Впрочем, мама не принимала никого, кто бы меня ни окружал, и я говорю не только о мужчинах. В разгар моей концертной деятельности я с удивлением стала замечать, что мама всегда как-то против моей команды. Ее не устраивал никто из моего окружения, она с подозрением относилась абсолютно к любым близким мне профессионально людям. Кто бы ни появлялся в моей команде: директор, менеджер, PR-директор, какой-то человек, который занимался бы концертной деятельностью, личный помощник, специалист по продвижению — ко всем, по ее мнению, нужно было отнестись с осторожностью, все могли меня обмануть — одна она не может причинить мне зла. Она вообще никого ко мне не подпускала.

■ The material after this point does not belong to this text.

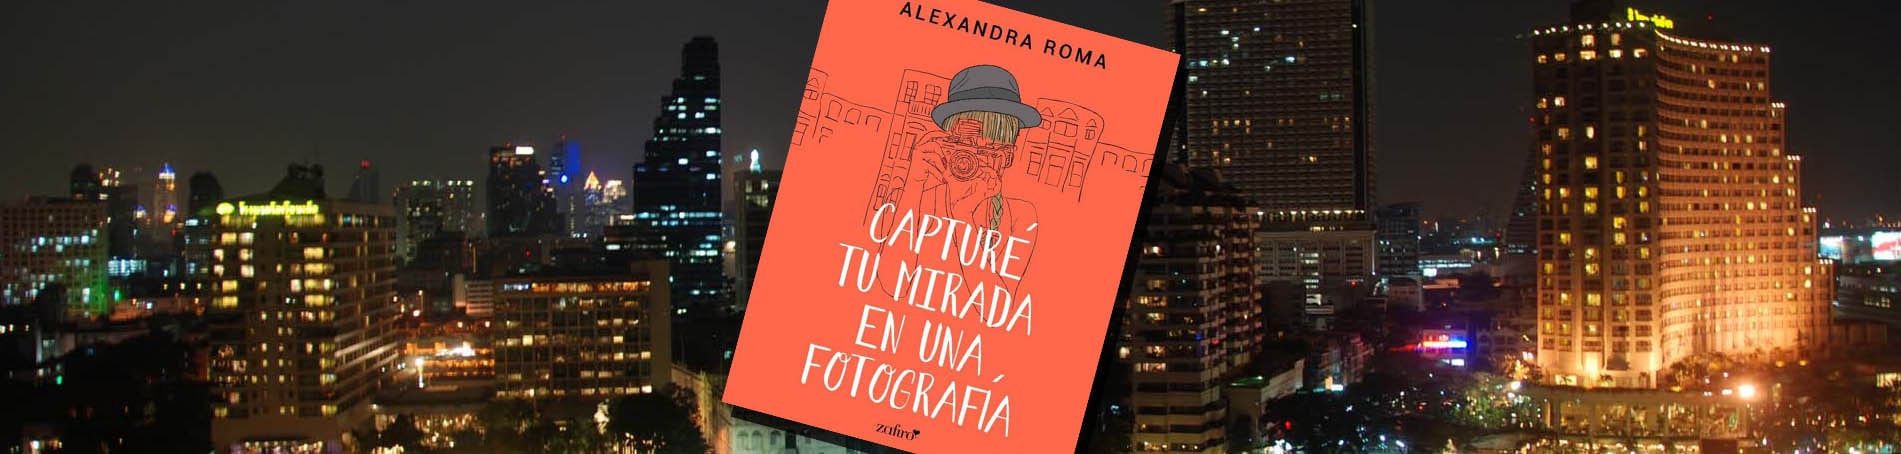 Alexandra Roma nos cuenta como nació Capturé tu mirada en una fotografía

При этом она вовсе не была бессребреницей — в какой-то момент прямо сказала: „Настя, сколько процентов ты будешь платить мне от своей концертной деятельности?“ Я как-то растерялась. Нет, ничего плохого в том, чтобы передавать моей маме деньги, я по-прежнему не видела. Она же моя мама! Но я вспомнила квартиру, которую она от меня получила, шубы, деньги, переписанную на нее студию Сулеймана… Но самое главное — будем откровенны — она ведь не профессионал в творческих вопросах. У нас с ней постоянно были споры — какую фотографию взять для афиши, какие номера поставить в концерте и в каком порядке. Но хуже всего, что она не терпела возражений. Был даже такой случай: перед концертом мы спорили с мамой в гримерной из-за „Умирающего лебедя“, я доказывала ей, что его нельзя ставить в начале концерта, потому что это медленный номер и зрители просто сразу уснут. Такие номера надо ставить в середине или конце. И когда мама поняла, что ей меня не переспорить, она ударила меня по голове.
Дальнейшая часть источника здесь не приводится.